*WHAT TO WORK ON:* Output only the stretch of the listing that starts at the line containing "个性灰绿女短裤淘宝女装海报素材免费下载" and ends at the line containing "hấp tóc đa tầng", reproduced exactly with both ends.

*RECORDS FOR THE TASK:*
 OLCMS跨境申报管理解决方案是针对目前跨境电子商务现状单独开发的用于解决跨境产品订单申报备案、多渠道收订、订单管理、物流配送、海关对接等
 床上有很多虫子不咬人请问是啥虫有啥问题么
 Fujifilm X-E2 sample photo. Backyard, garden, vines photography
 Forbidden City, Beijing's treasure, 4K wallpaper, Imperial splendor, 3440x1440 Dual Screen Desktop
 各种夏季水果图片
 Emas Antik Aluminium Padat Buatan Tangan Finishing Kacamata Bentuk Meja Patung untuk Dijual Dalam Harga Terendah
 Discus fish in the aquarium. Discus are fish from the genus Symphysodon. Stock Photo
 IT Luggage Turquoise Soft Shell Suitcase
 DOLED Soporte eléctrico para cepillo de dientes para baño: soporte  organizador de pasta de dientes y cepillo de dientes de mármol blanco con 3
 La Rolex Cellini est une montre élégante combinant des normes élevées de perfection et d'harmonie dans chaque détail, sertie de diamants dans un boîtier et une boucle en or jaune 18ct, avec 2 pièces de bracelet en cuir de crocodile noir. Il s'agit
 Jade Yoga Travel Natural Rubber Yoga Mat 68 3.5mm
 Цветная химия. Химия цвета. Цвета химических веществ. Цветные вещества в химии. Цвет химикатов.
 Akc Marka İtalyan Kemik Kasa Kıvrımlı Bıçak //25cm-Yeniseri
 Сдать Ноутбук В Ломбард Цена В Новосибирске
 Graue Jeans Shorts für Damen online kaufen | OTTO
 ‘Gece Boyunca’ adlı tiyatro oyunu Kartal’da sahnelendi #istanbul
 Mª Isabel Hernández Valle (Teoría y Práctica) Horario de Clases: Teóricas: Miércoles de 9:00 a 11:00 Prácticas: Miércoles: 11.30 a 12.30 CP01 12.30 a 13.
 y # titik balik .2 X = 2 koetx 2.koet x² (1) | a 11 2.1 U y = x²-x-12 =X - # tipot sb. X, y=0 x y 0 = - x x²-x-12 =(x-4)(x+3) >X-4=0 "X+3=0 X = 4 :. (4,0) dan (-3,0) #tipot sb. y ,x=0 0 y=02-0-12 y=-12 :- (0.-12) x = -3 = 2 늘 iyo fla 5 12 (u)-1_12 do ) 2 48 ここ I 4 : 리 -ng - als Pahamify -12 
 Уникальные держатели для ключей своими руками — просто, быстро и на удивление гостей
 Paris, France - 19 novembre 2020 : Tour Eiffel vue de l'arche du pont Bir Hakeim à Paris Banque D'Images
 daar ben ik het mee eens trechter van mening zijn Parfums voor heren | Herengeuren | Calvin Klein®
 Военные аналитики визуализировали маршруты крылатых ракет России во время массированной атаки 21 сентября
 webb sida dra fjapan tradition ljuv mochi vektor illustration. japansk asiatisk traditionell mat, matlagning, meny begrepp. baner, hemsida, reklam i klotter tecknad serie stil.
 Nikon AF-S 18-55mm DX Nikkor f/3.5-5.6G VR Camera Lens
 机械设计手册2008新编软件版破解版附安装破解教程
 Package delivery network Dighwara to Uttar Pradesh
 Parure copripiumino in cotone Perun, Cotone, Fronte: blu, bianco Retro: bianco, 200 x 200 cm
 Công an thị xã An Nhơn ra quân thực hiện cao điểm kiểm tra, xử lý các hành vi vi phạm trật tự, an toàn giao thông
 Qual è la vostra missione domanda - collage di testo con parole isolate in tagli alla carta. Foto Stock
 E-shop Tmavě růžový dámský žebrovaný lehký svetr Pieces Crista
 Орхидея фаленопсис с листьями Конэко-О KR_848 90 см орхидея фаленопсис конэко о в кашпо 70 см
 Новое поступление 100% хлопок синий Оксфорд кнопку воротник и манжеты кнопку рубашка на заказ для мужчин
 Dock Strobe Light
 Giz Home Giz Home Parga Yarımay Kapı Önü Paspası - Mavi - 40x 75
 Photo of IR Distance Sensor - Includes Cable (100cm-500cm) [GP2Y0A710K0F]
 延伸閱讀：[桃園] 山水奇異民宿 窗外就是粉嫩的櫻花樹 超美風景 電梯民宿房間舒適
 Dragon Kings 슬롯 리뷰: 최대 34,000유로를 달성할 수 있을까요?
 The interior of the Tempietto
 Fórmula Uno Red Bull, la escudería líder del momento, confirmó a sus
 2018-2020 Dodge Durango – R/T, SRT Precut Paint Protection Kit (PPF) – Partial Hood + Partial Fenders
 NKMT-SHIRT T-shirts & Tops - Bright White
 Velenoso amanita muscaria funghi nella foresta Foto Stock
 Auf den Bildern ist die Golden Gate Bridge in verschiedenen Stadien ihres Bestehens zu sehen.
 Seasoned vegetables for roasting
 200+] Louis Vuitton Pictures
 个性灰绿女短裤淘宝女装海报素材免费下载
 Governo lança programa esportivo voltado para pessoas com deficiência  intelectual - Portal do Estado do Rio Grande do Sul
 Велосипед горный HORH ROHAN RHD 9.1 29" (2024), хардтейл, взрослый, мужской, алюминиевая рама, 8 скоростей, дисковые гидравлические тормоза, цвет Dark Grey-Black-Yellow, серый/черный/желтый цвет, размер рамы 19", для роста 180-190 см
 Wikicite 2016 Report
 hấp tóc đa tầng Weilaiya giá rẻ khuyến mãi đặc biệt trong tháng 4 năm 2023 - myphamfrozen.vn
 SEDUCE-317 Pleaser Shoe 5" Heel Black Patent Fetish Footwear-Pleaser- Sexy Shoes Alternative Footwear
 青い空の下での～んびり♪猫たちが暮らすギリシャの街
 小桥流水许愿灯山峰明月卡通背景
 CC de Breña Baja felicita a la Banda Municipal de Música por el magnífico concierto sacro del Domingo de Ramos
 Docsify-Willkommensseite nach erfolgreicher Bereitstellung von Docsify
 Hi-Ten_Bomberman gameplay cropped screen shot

*COMPLETED TASK:*
 个性灰绿女短裤淘宝女装海报素材免费下载
 Governo lança programa esportivo voltado para pessoas com deficiência  intelectual - Portal do Estado do Rio Grande do Sul
 Велосипед горный HORH ROHAN RHD 9.1 29" (2024), хардтейл, взрослый, мужской, алюминиевая рама, 8 скоростей, дисковые гидравлические тормоза, цвет Dark Grey-Black-Yellow, серый/черный/желтый цвет, размер рамы 19", для роста 180-190 см
 Wikicite 2016 Report
 hấp tóc đa tầng Weilaiya giá rẻ khuyến mãi đặc biệt trong tháng 4 năm 2023 - myphamfrozen.vn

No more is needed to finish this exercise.